■ WHAT THIS TASK INVOLVES ■
Without changing a word, copy every line of the listing below and leave out the images.

■ SUPPLIED INFORMATION ■
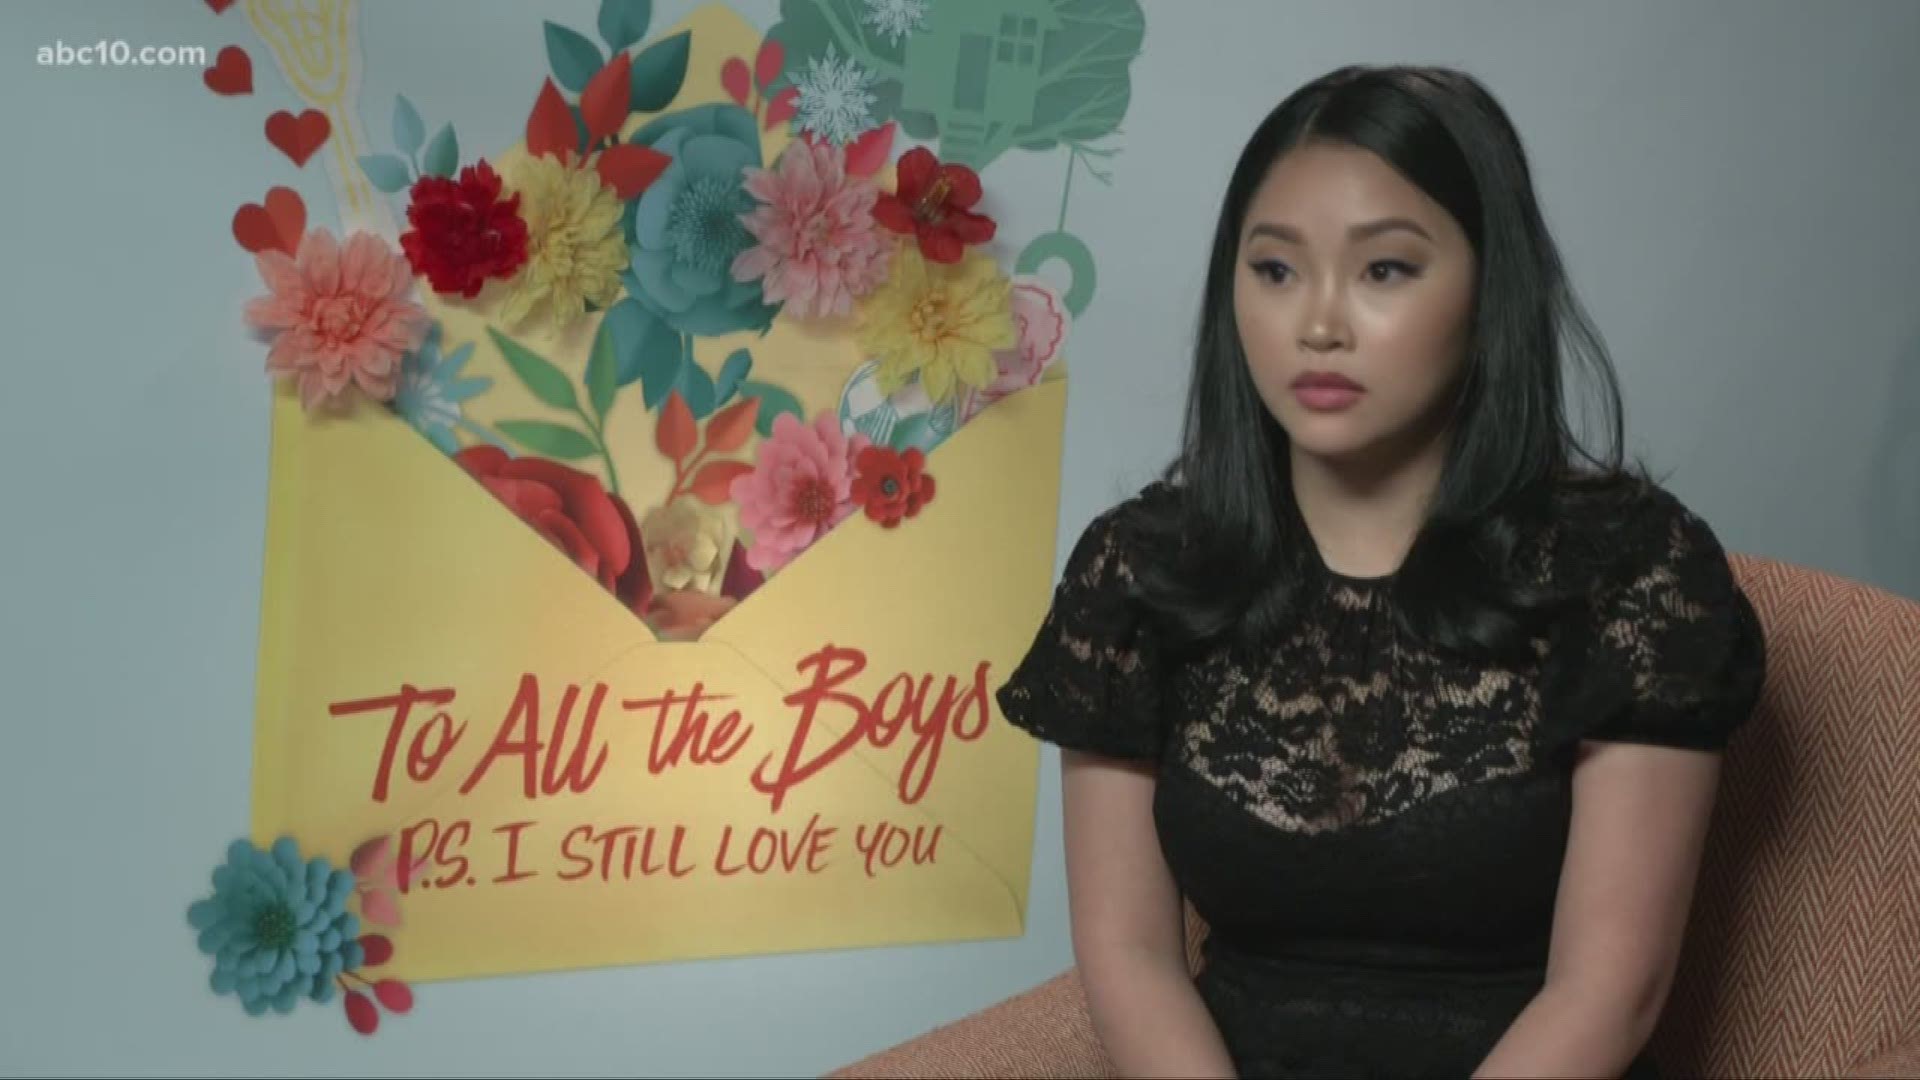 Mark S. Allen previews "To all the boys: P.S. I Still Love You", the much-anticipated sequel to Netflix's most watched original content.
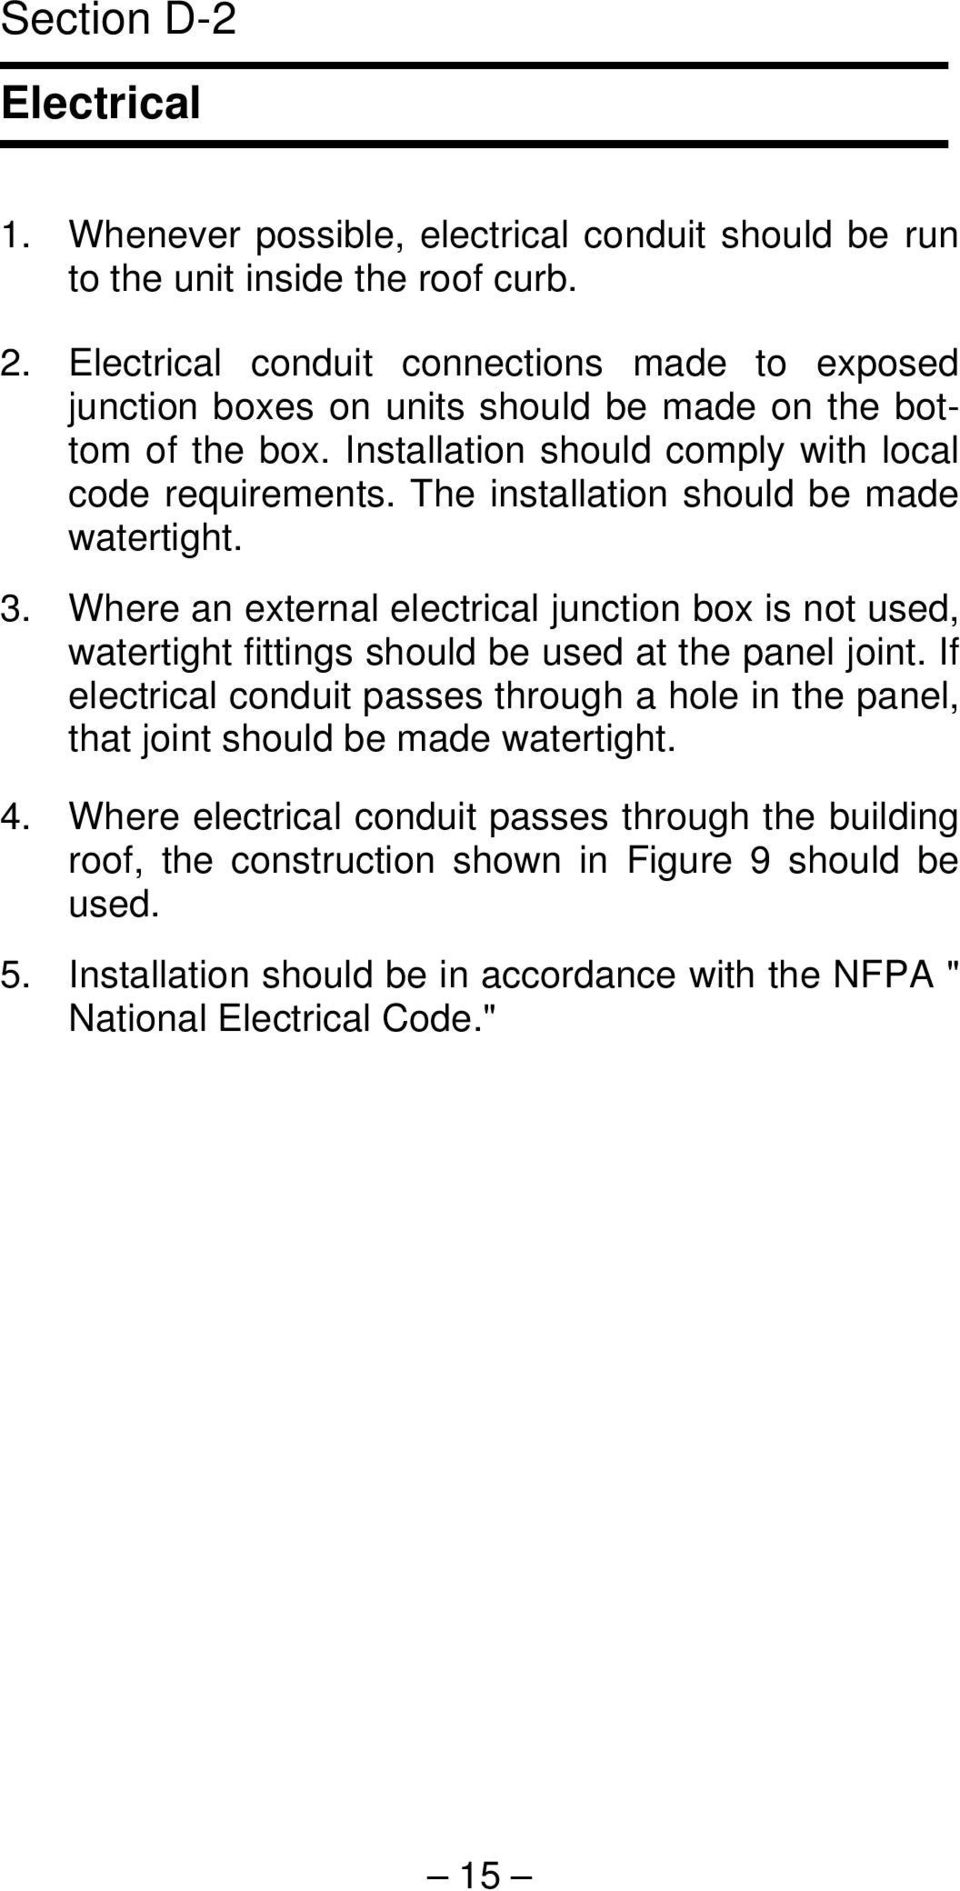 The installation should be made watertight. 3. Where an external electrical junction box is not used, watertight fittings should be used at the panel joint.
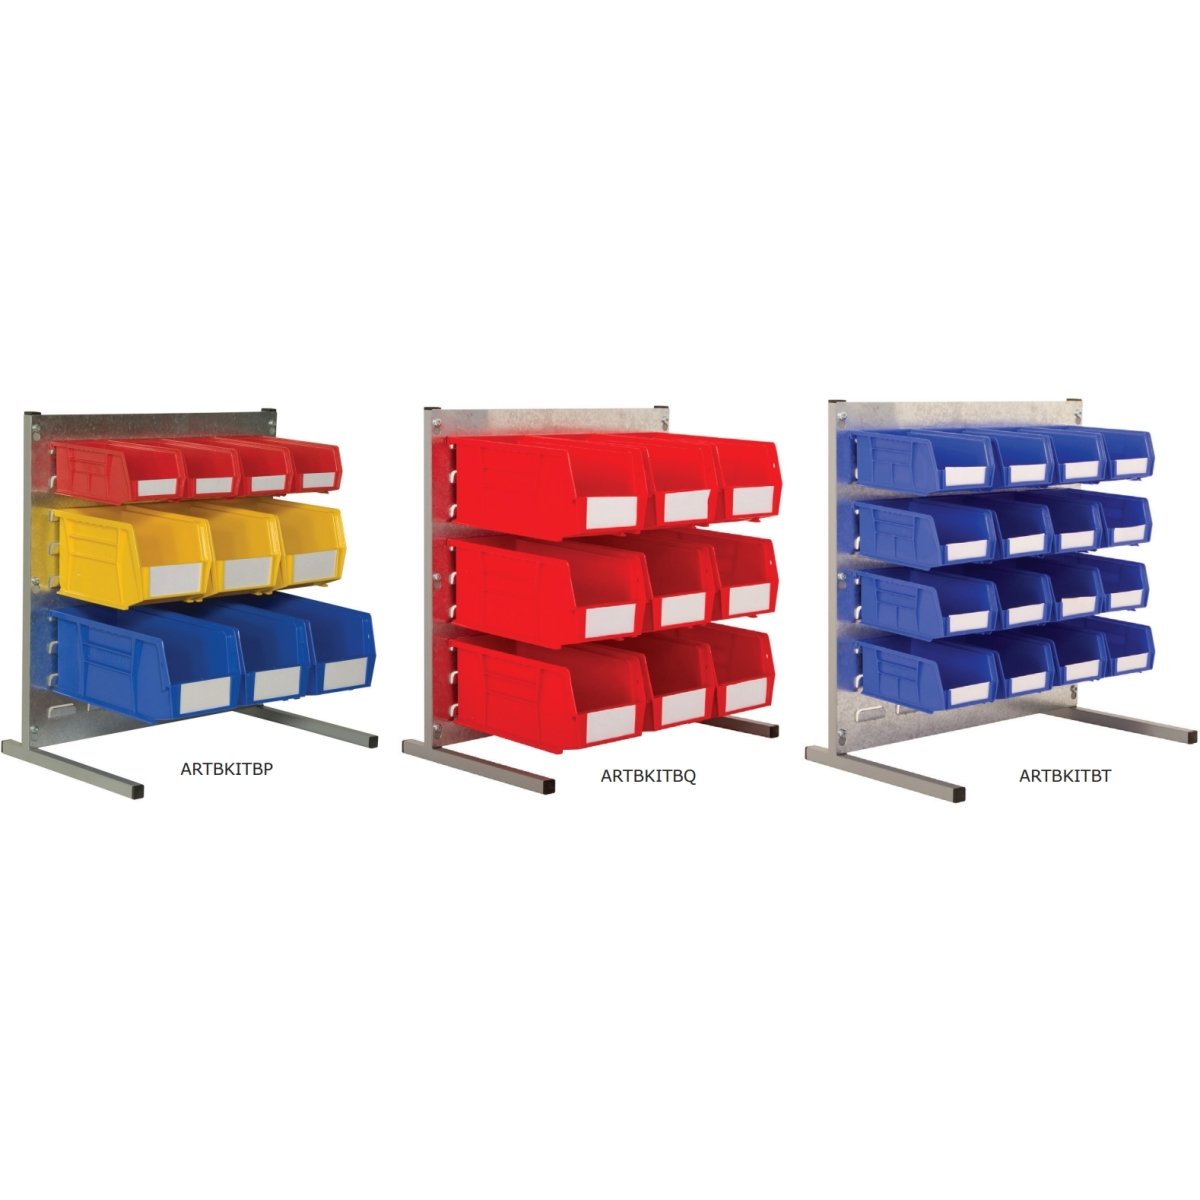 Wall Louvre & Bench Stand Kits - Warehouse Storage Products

■ SOLUTION TO THIS TASK ■
 Mark S. Allen previews "To all the boys: P.S. I Still Love You", the much-anticipated sequel to Netflix's most watched original content.
 The installation should be made watertight. 3. Where an external electrical junction box is not used, watertight fittings should be used at the panel joint.
 Wall Louvre & Bench Stand Kits - Warehouse Storage Products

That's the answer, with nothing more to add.